ENTRIES SHOWN:
——————————

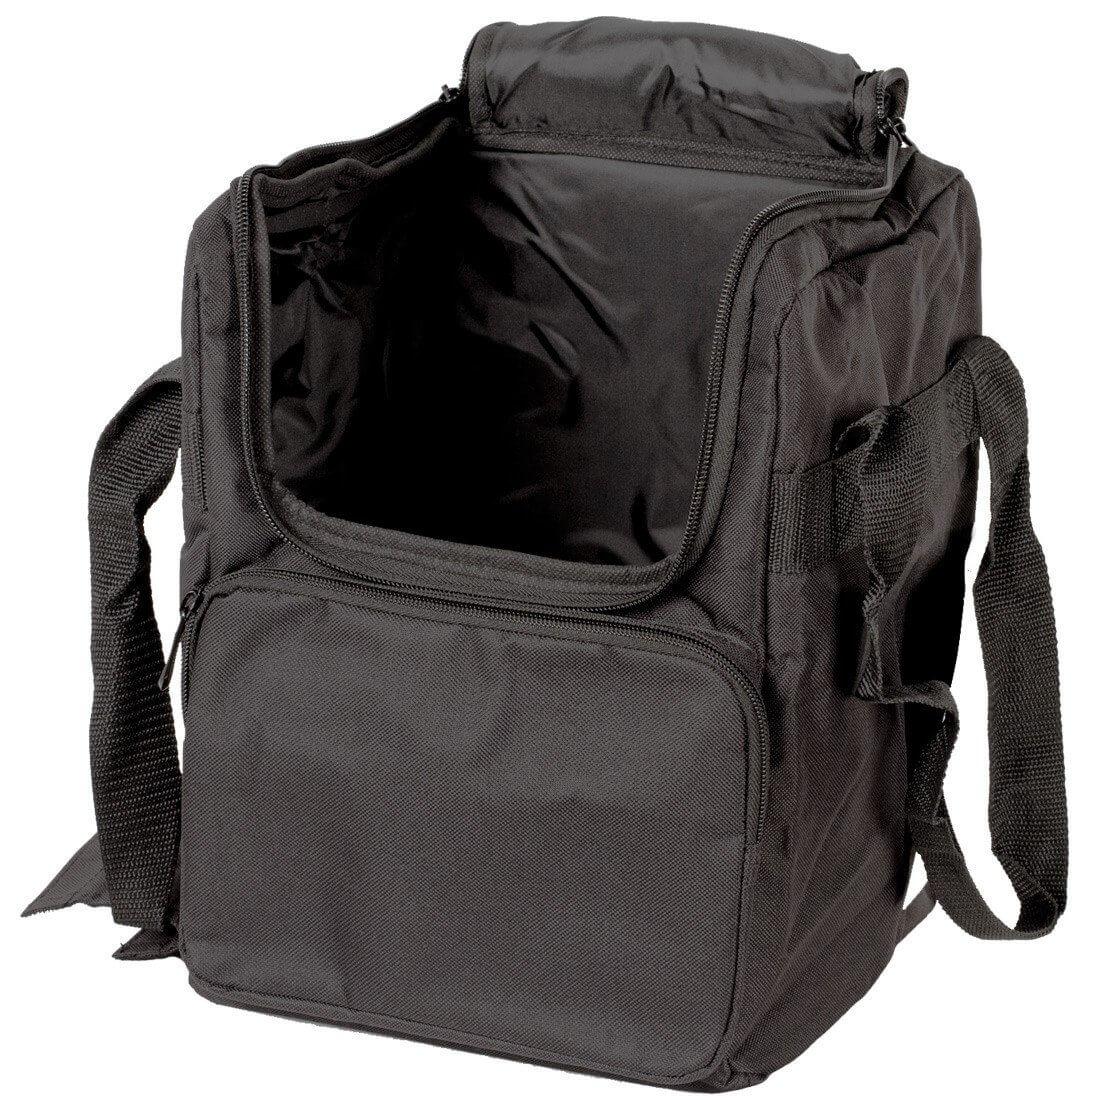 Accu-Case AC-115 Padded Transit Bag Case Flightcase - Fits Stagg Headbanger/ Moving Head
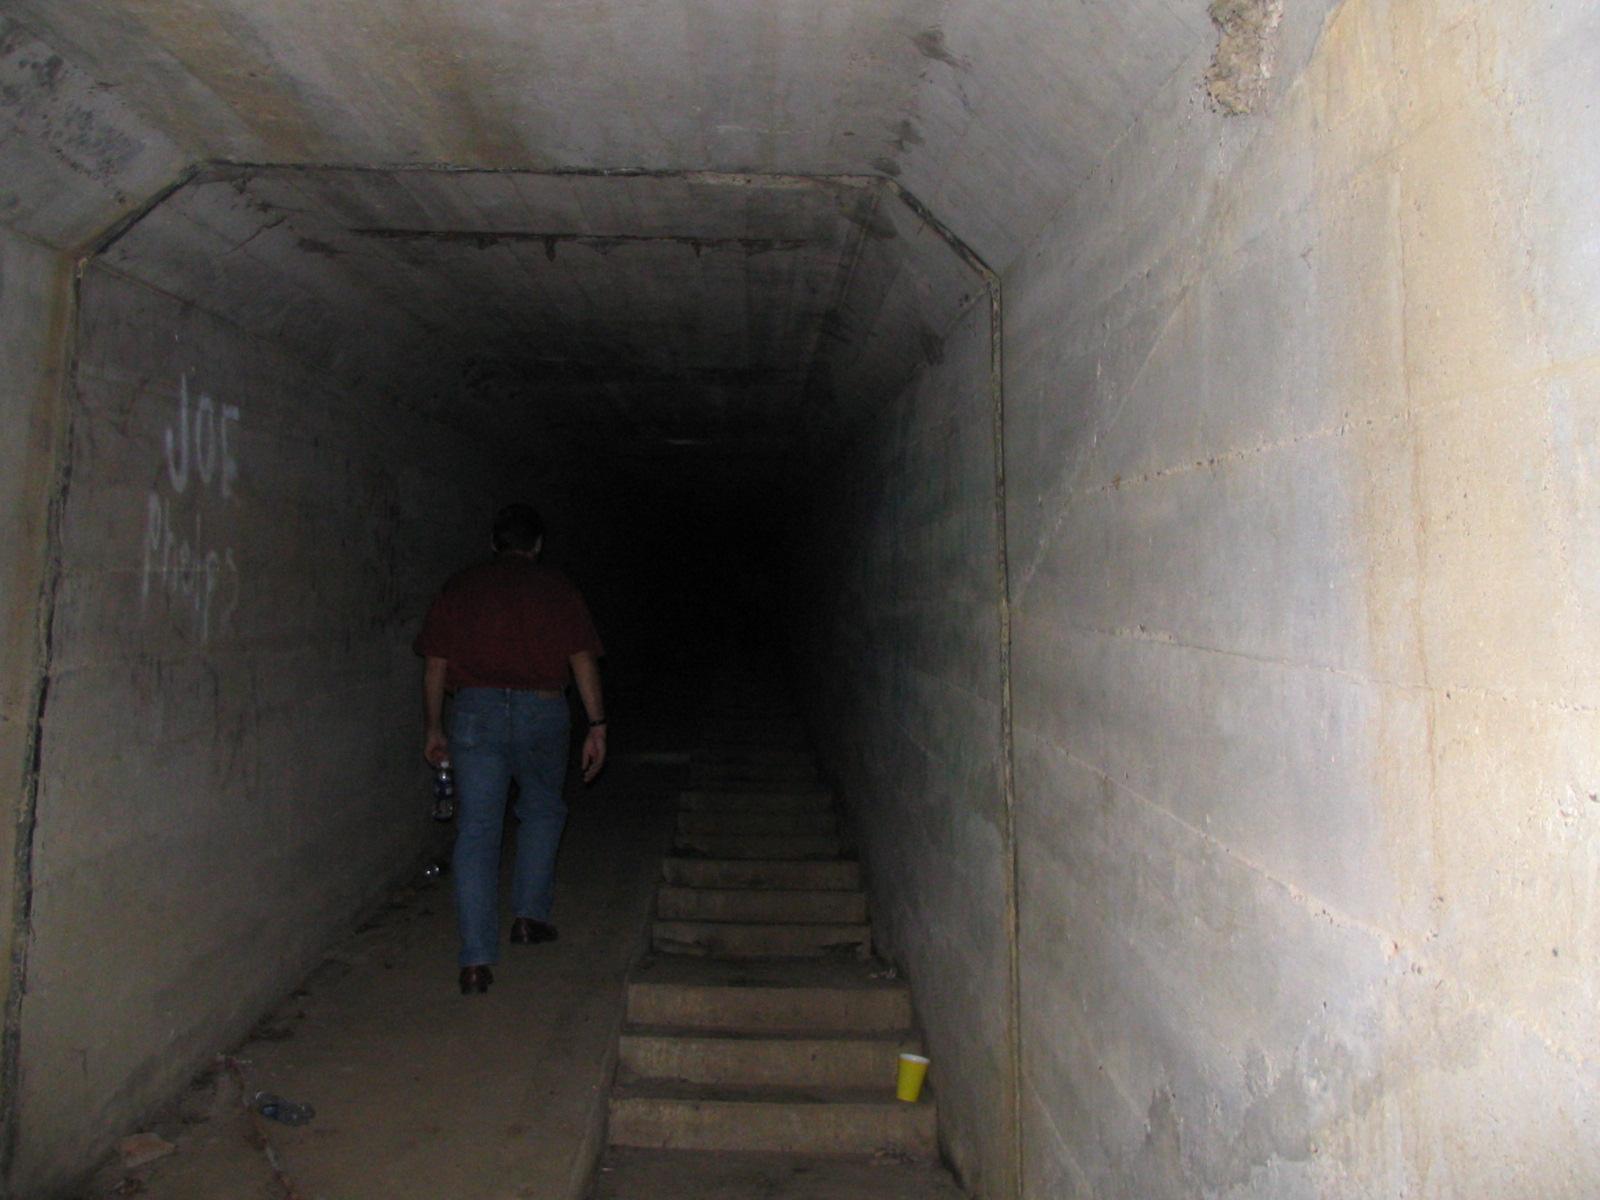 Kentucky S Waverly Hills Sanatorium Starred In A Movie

——————————

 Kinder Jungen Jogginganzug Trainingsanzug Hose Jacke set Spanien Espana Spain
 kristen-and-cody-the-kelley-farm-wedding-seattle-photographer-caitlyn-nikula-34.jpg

——————————

ABOUT THIS EXERCISE: From the records above, transcribe exactly the lines starting at the one containing "Accu-Case AC-115 Padded" and ending at the one containing "Kentucky S Waverly". Skip the pictures.

SOLUTION:
 Accu-Case AC-115 Padded Transit Bag Case Flightcase - Fits Stagg Headbanger/ Moving Head
 Kentucky S Waverly Hills Sanatorium Starred In A Movie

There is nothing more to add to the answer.